Anganku berharap pelangi.
Pupus.
Sudahlah, tak kunjung jua surya itu bersinar.
Deras memaksaku kembali ke peraduan.
Segenggam melati kini anggun menempati pinggan kecil.
Mereka menyeruak, menebar harum pesonanya yang sederhana.
Mungil namun hadir.
Asaku menjelma menjadi dirinya.
Mewangi meski hanya sehari.
Apakah sebuah pilihan jika besar namun tanpa makna seperti gagah kuning alamanda?
Tanpa makna katamu?
Kesia-siaan tiada dalam harmoni alam ciptaanNYA.
Lihatlah para serangga yang riang lalu lalang di dalamnya.
Ketikaku terjebak dalam dua pilihan yang manakah…
Menjadi apa dan siapakah…
Cermin menjadi jawab…
Syukuri dan berbuatlah meski sebesar dzarrah…
Hampa hanya mengungkung dalam rasa tanpa daya.
Setiap diri terbenam potensi tersembunyi.
Maka bangkit dan semangatlah menyongsong hari.
Biarkan senyum itu mengembang menghiasi duniamu.
Semangat!

26 thoughts on “SEGENGGAM MELATI

  1. Segenggam melati di pagi yang gerimis..Hm..pasti aromanya bak di surga ( eh emang pernah ke surga?

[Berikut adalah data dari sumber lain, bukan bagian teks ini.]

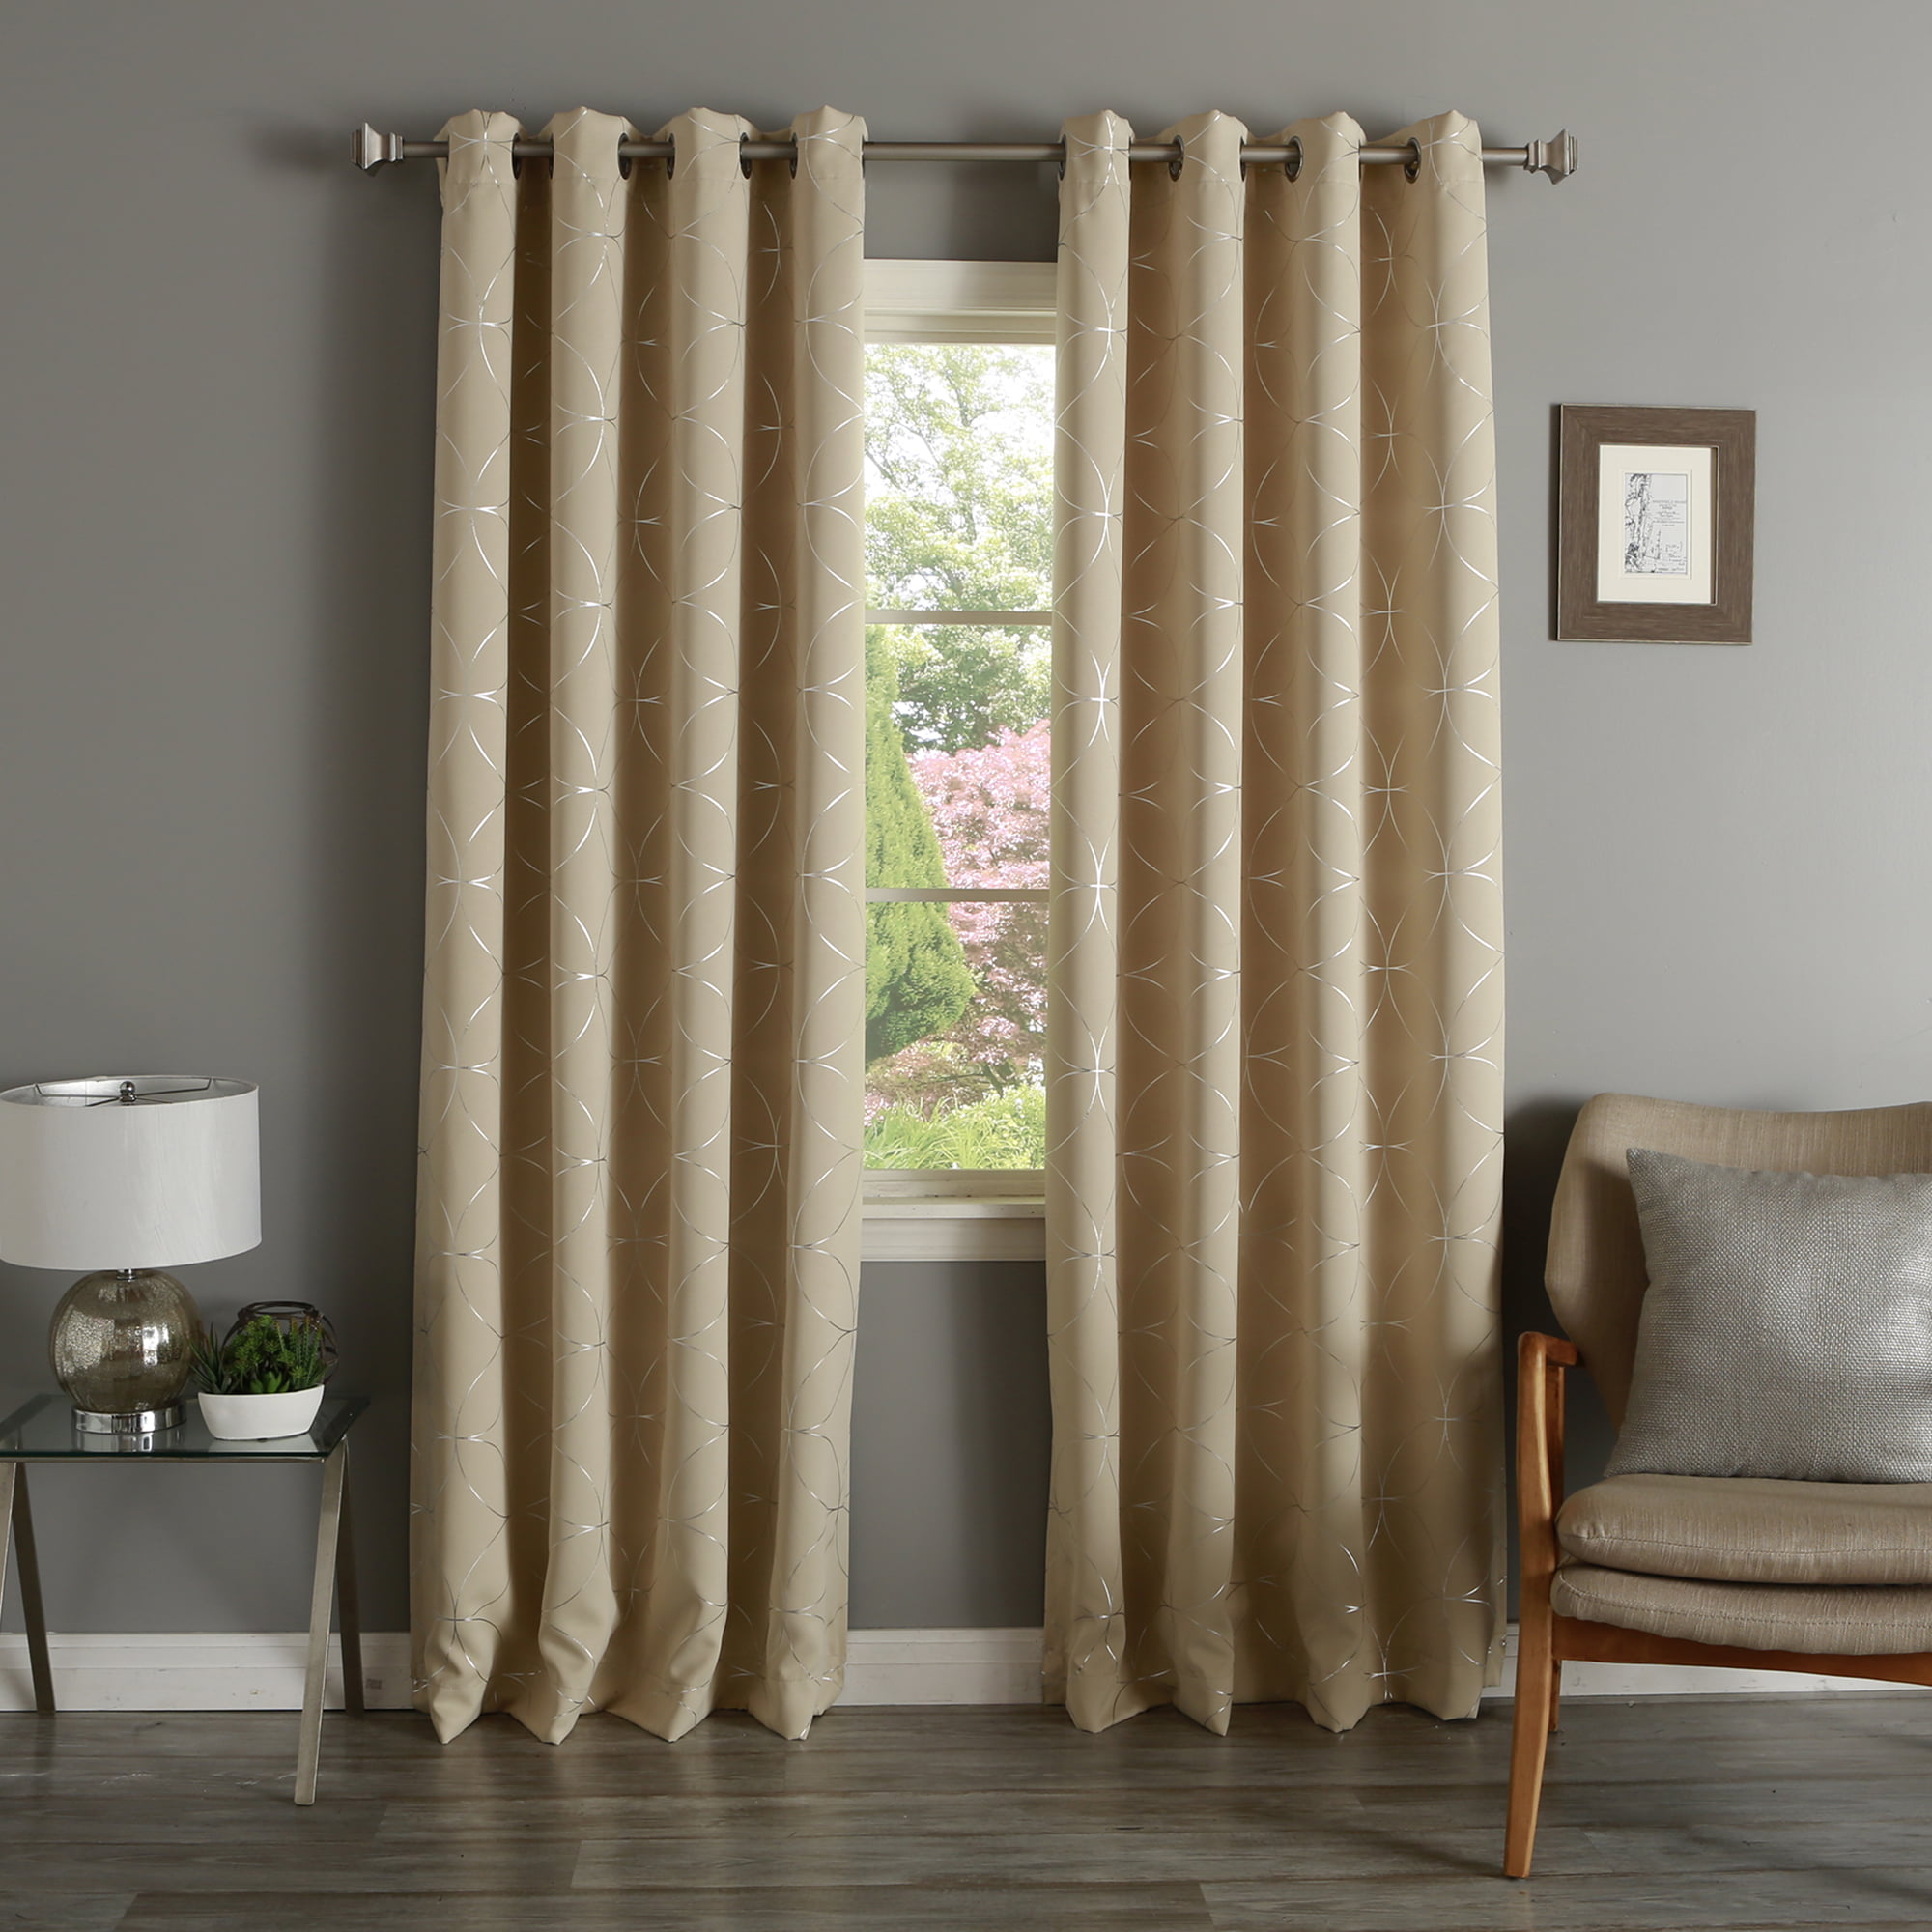 Quality Home Circle Foil Blackout Curtains - Beige - 52"W x 108"L (Set

Hehehe..). Aku juga demen banget bau melati Mbak Lia..walau cuma bertahan satu hari, semburat harumnya itu kalau di kamar..gimanaaaa gituuuu…:)

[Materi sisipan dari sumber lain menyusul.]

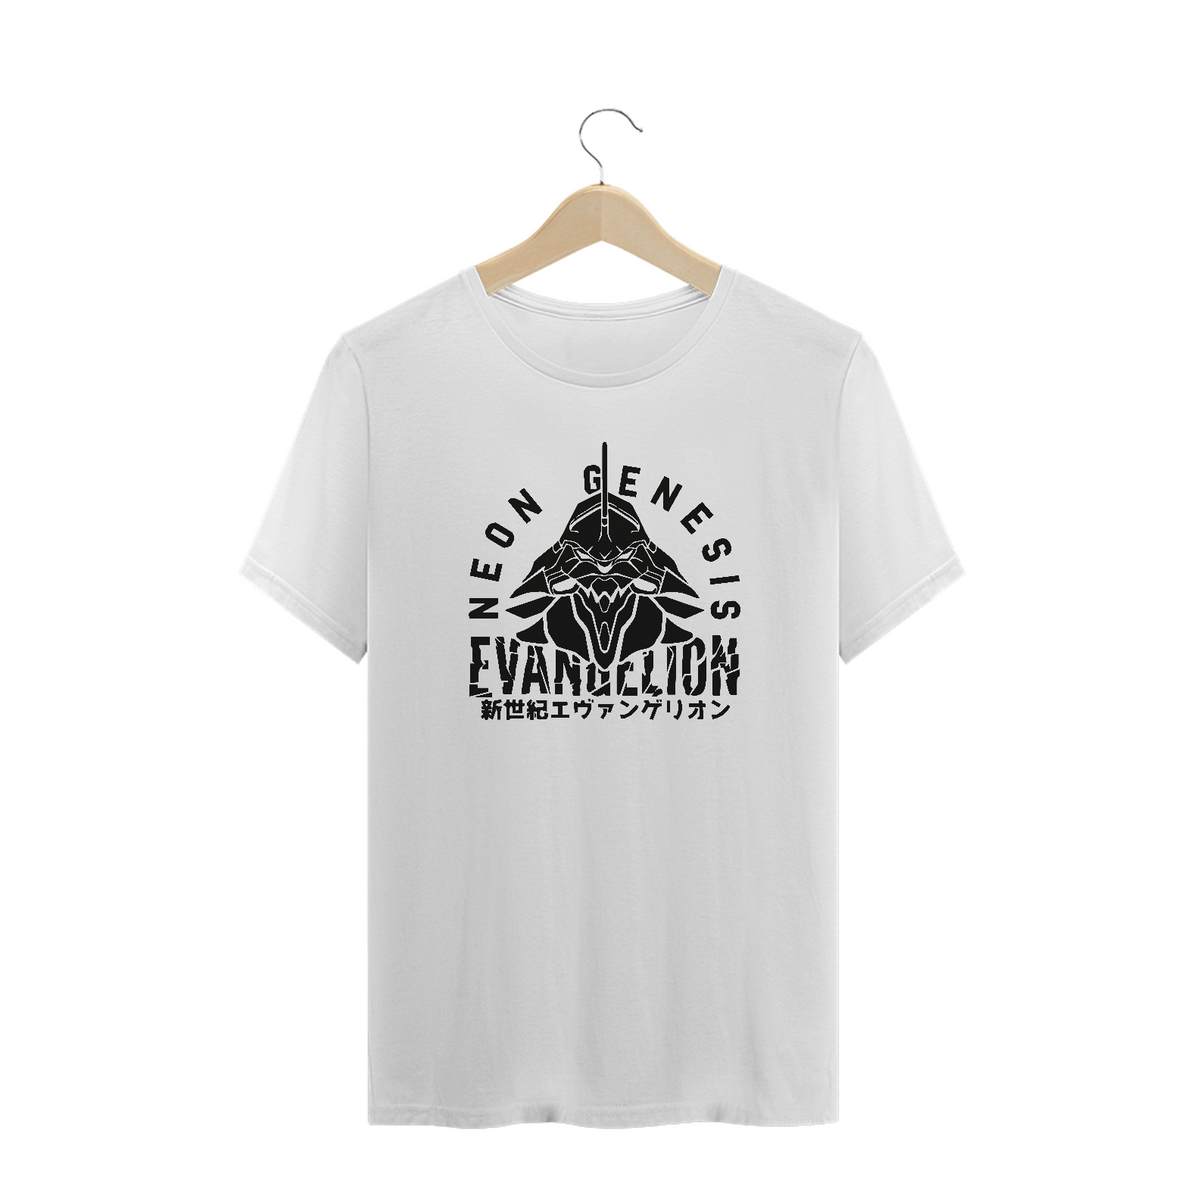 Nome do produto: Camisa Evangelion VIII

    • Iya nie Mbak Vi, saya penggemar berat bunga melati. Wanginya semriwing…😀
      Suka membuat saya lupa daratan, padahal kalau di laut ga bisa berenang. Xixi..

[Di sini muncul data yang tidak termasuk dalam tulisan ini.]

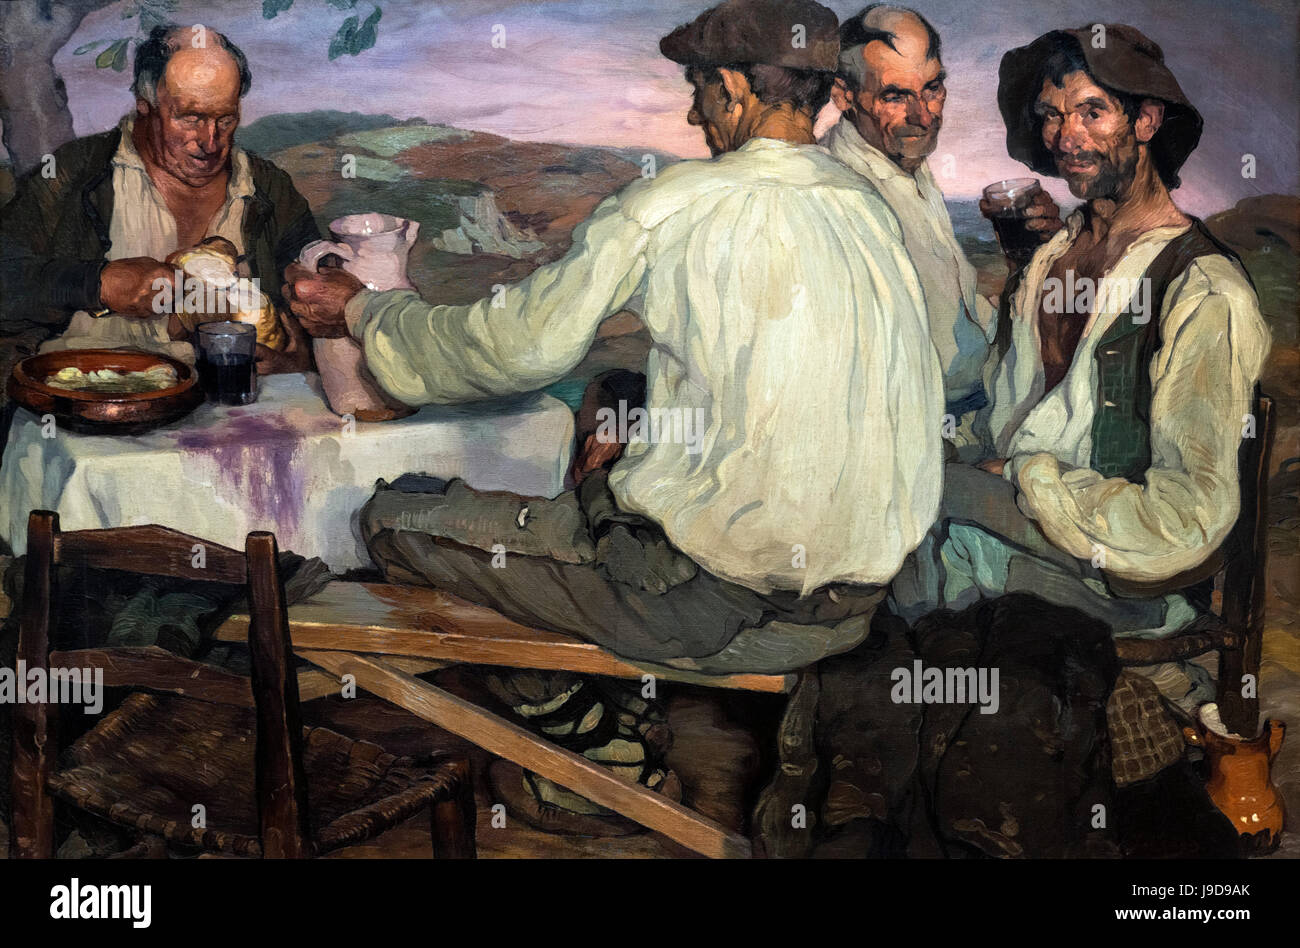 Spanish Farmers by Ignacio Zuloaga (1870-1945), oil on canvas, 1905 Stock Photo

  2. dari jaman dulu sampai sekarang melati tetap putih tetap wangi walau hanya satu hari..

    pami teu lepat aya laguna kieu, aya hiji rupa kembang. raranggeuyan tapi leutik. rupana bodas kacida. matak lucu liwat saking….dst

    betul ga teh kalau salah tolong di ralat…

    • Sama-sama Mbak El…
      Saya tidak tau apakah melati dpt tumbuh dg baik di negara 4 musim…
      Mungkin harus ke tanah air dulu biar bisa melihatnya lg. Berbunga sepanjang tahun…🙂

      • kayaknya nggak ya, soalnya kalau iya pasti sudah ada di toko toko sini, krn banyak bunga atau tanaman seeprti di tanah air dijual dan dipelihara di sini, jadi tanaman ruangan sih, misalnya seperti pisang🙂 … org sini suka juga menaruh tanaman pisang di ruang tamu, terlihat eksotik, apalagi kalau sudah satu atau dua meter tinginnya, aduh .. suka sekali karena pasti mahal harganya😀 … padahal kalau di tanah air, nggak begitu ya, namanya juga lain ladang lain kinjengnya😀

        • Pohon pisang di dalam ruang? Wow, ide yg menarik.🙂
          Pasti adem yaa… Mungkin perawatannya harus ekstra krn biasa tumbuh di wilayah tropis sehingga menjadi mahal harganya…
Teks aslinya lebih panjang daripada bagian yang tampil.